There are more foreclosures and short sales in the resale market, which can also be bargains. You will run into distressed properties that require work to make livable, however.

If you follow a buy and hold investment strategy to take advantage of value appreciation, look at resale investment properties where you can buy at a discount and sell higher.

#2 History of cash flow

When you buy a resale property, it has a rental history that will help you more accurately project cash flow. You can use it when calculating the cap rate to compare different investments. With some lenders, this history helps you qualify for a lower interest rate if you’re financing your purchase. If the property is currently rented and the tenants are paying on time, they know that the investment will cash flow immediately.

Examining a building’s history will also reveal red flags. A lot of vacancies and evictions in the property’s past should be a warning sign. Do tenants always turnover at one year? Dig deeper to find out why. Rental history could help you avoid adding a dud to your portfolio.

#3 Established neighborhoods

Established neighborhoods appeal to renters who want to be closer to a city’s downtown, restaurants, and entertainment. When you buy a resale property, the area and the tenants it will attract are a known quantity. It will have a reputation as the neighborhood for families, college students, or hipsters, which does some of your marketing for you.

Because a neighborhood can always go into decline, investors should keep an eye on both short and long-term trends.

3 cons of buying a resale investment property

Time, money, and tenants are the top three drawbacks to buying a resale investment property.

#1 Pay for the property upfront

If you’re buying a foreclosure at an auction or a property unable to qualify for traditional financing, you’ll likely have to pay 100% of the purchase price of a resale property upfront in cash. Going this route ties up a lot of capital and leaves you exposed if anything goes wrong. If you discover that an “as is” home needs more work than you’d anticipated, but you’ve exhausted your cash reserves, you’re now in a difficult position.

If you’re looking at resale homes to get a deal, some of the best deals are only available if you can pay for the property in full. This could be out of reach or an undesirable option for many investors.

#2 Inherit another landlord’s problems

If you’re buying a resale investment property that’s already occupied, you could be inheriting the landlord’s problems. You didn’t select or screen the tenants. Their behavior and how they treat the property will become your issue as of the closing date.

Look up city records to see if any noise or nuisance complaints have been filed against the property recently. Drive by several different times during the day to see who is out in the yard, or talk to the neighbors about the people currently living in the home.

An eviction can cost up to $5,000 if you hire a lawyer, so ask for proof that tenants have been paying on time before you close on the house. Leases stay with the property, so you’ll have to perform due diligence on the tenants when buying in the resale market.
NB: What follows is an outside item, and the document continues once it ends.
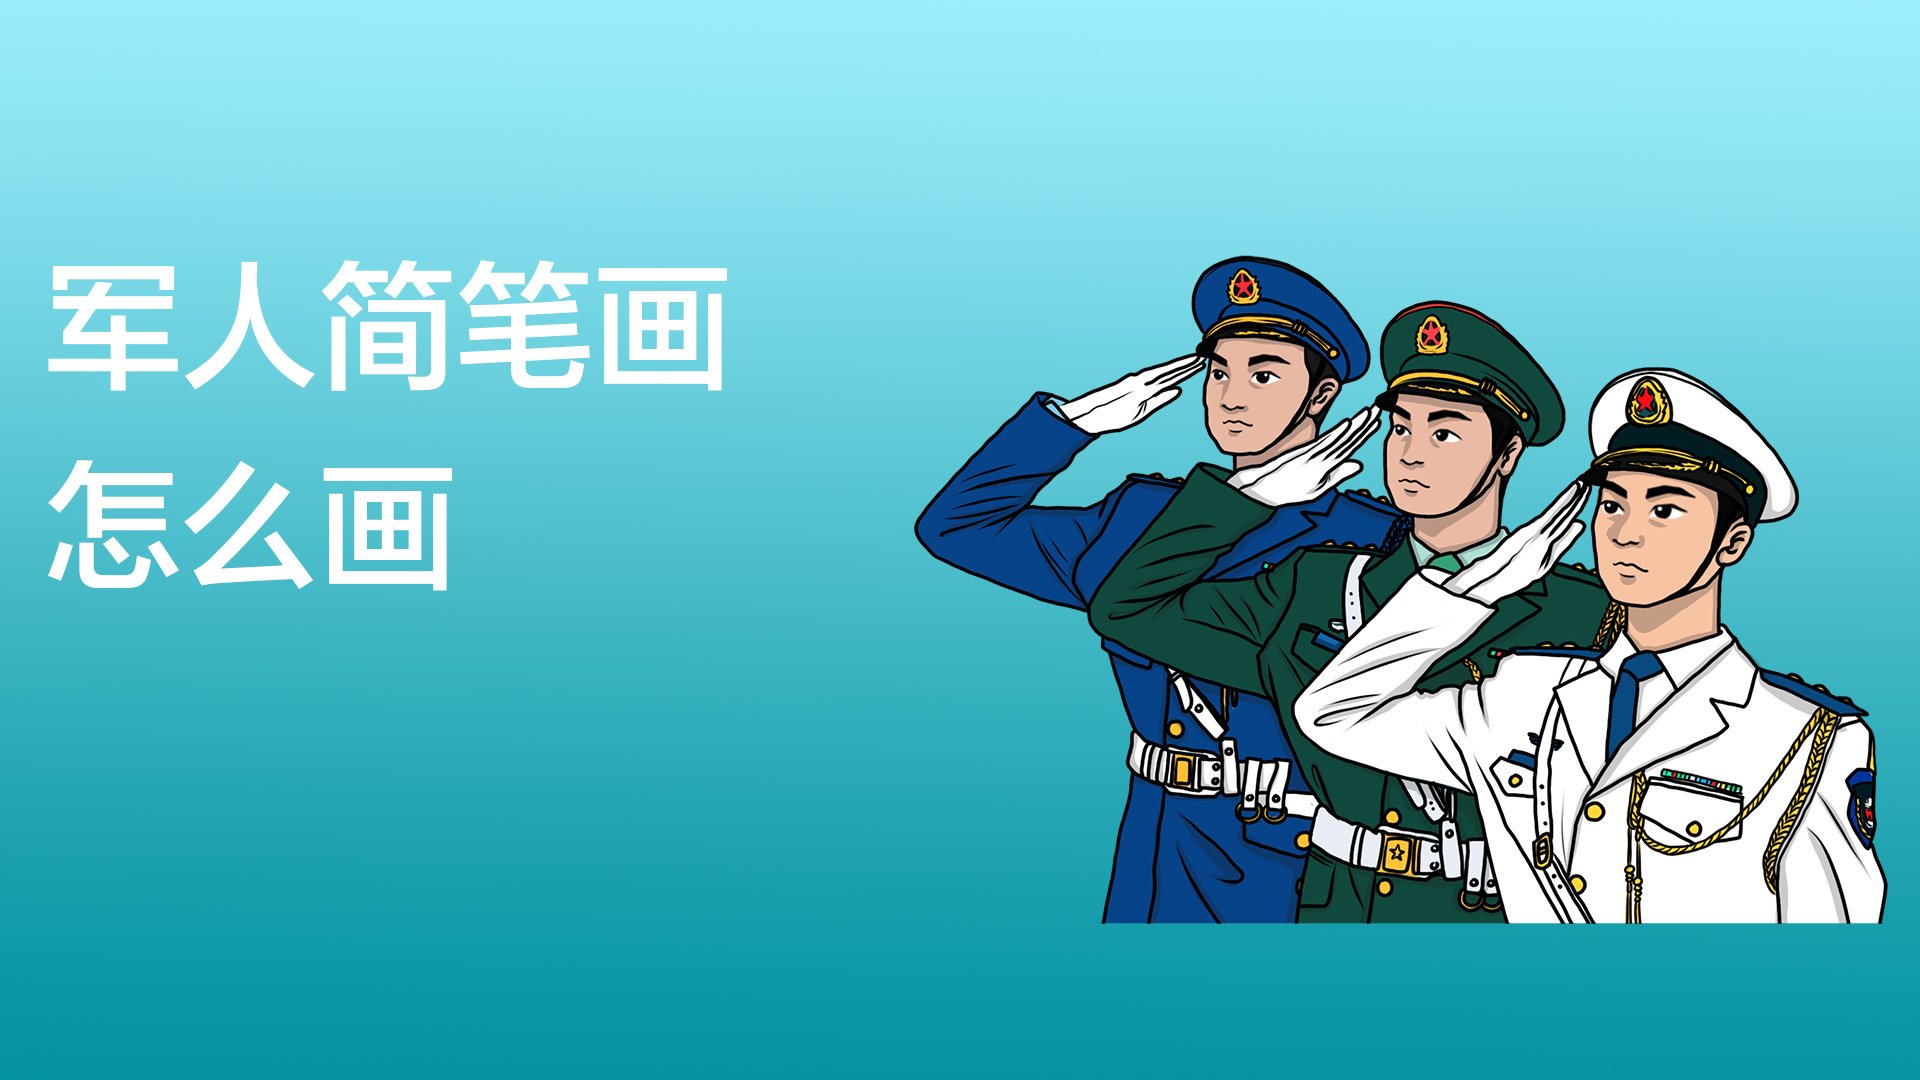 中国士兵怎么画 简单图片

#3 Expensive and constant repairs

If a previous landlord didn’t take good care of the house, you would have to devote capital to catch up on repairs and maintenance. If you buy a resale, there’s the potential for expensive repairs to take over your life and destroy your profit margins.

Systems will break down more frequently in an older home, especially if it’s been a long-term rental and gone through several tenants. While you can set aside money for planned updates, you can’t prepare for emergencies. An expensive plumbing leak can wipe out a month or a year’s profit. Resale properties often require significant time and resources to maintain.

Three pros of buying a new build

Now that we’ve examined resale properties let’s look at why some investors prefer the benefits of buying a new construction house over dealing with the hassles of a resale. You have more control over your investment from the beginning, from choosing the first tenant to scheduling routine maintenance. But, like any investment, there are pros and cons of buying a new build.

#1 Location and better tenants

Builders pick locations with low crime, great schools, good roads, or at least an area that’s up-and-coming. If you buy into the development, you’re buying into an area that you know will attract quality tenants. You’ll have fewer worries about missed or late rent payments, and they probably won’t trash the home.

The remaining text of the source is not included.